The triangle law of vector addition is a mathematical concept that is used to find the sum of two vectors. Vector addition and subtraction are integral parts of mathematical physics. A vector is a quantity, or it is also called an object that has both a magnitude and a direction. But a scalar is a quantity that has only magnitude and no direction. The process of adding two or more vectors is known as vector addition. The vectors are added geometrically. Triangle Law, Parallelogram Law and Polygon Law are the three laws for vector addition.

The triangle law for vector addition states that if two vectors are represented by two sides of a triangle taken in order, then their vector sum is represented by the third side of the triangle taken in the opposite direction.

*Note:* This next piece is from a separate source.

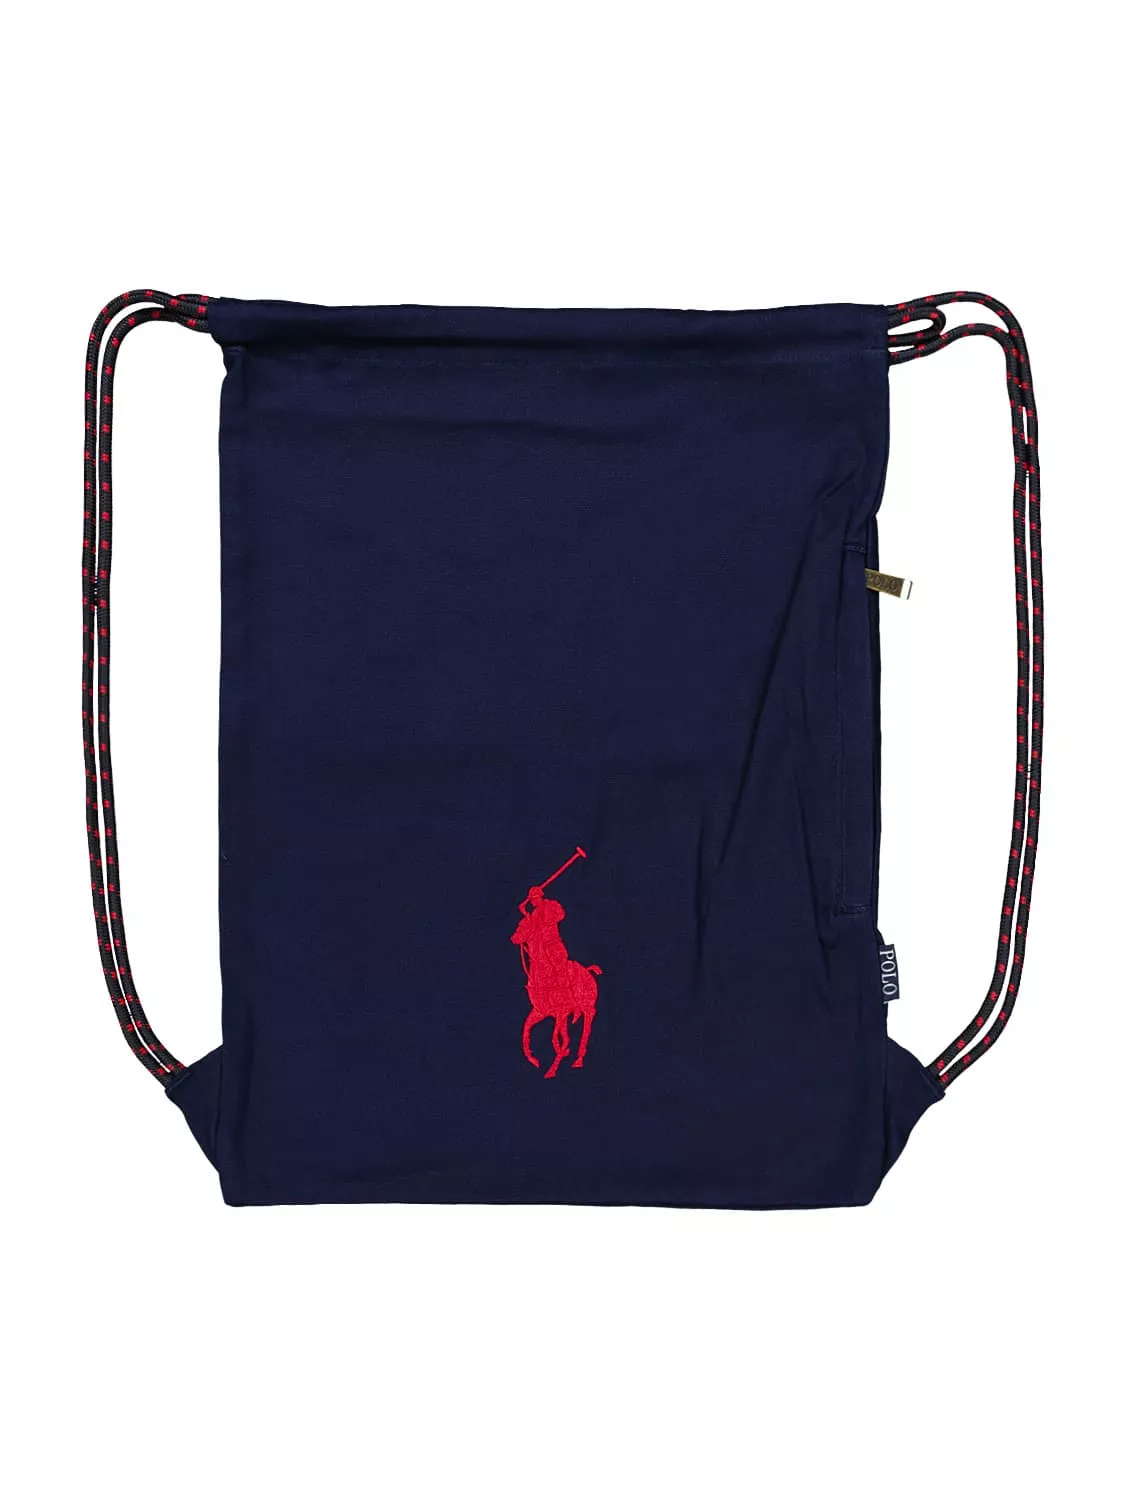 Polo Ralph Lauren Drawstring Bag Backpack Big Pony Gym Bag Navy Blue
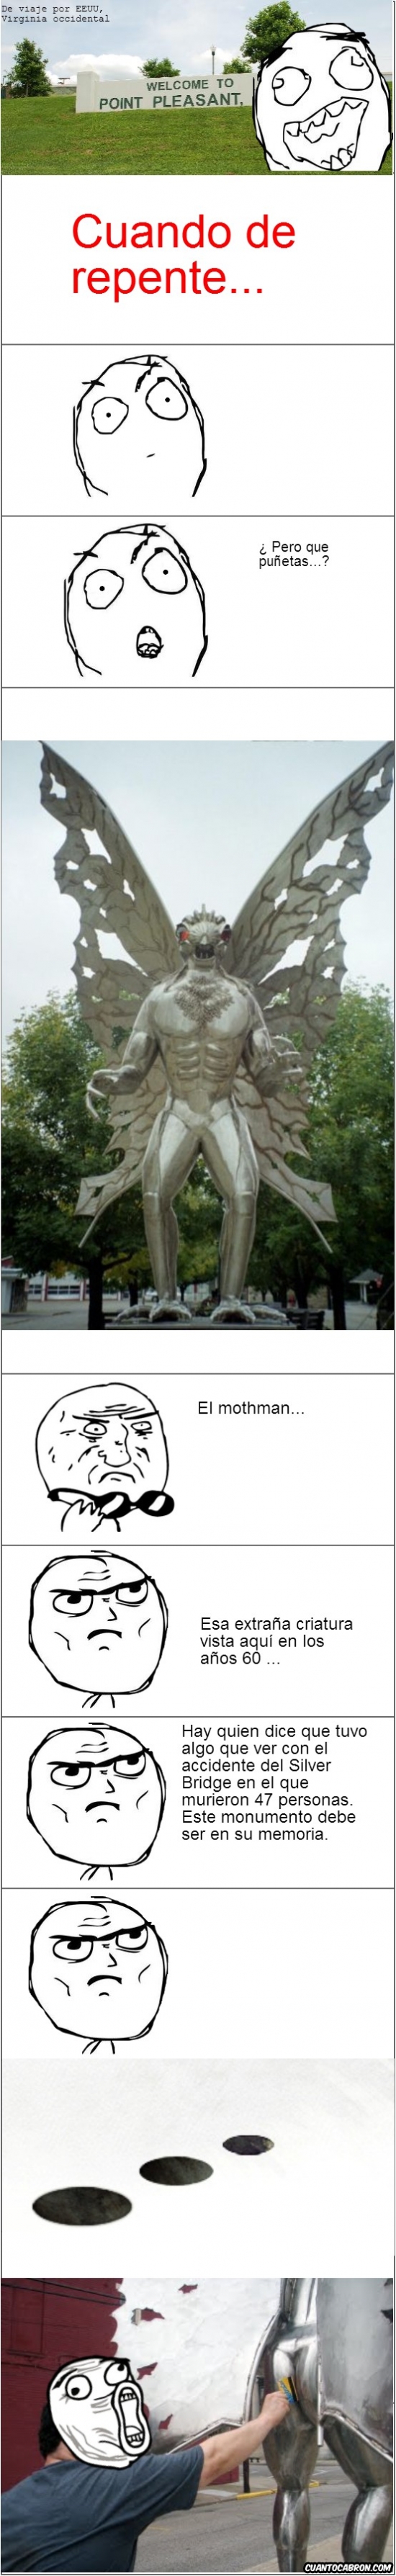 Lol - La inquietante estatua del Mothman

## FAQs on Triangle Law of Vector Addition, Derivation and Examples for JEE

**1. What are the other laws of vector addition other than the triangle law of vector addition?**

The parallelogram law states that, If two vectors are represented by the two adjacent sides of a parallelogram, then the resultant vector is given by the diagonal of the parallelogram passing through the point of intersection of the two vectors. The polygon law of vector addition states that if the number of zero vectors is represented by the (n – 1) sides of an n-sided polygon, then the resultant vector is given by the closing side or the nth side of the polygon taken in the opposite order.

$R=\sqrt{P^{2}+2 P Q \cos \theta+Q^{2}}$

Where,

R = Resultant vector

P = Vector P

Q = Vector Q

$\theta =$ The angle between vectors P and Q

**2. What is the Triangle Law of Forces? **

The Triangle Law of Forces states that if two concurrent forces are acting simultaneously on a body and are represented in magnitude and direction by the sides of a triangle taken in order, then the third side of the triangle represents the resultant of the forces in magnitude and direction taken in the opposite order. This is essentially just the triangle law of vector addition, but it is applied to forces as forces are also vectors.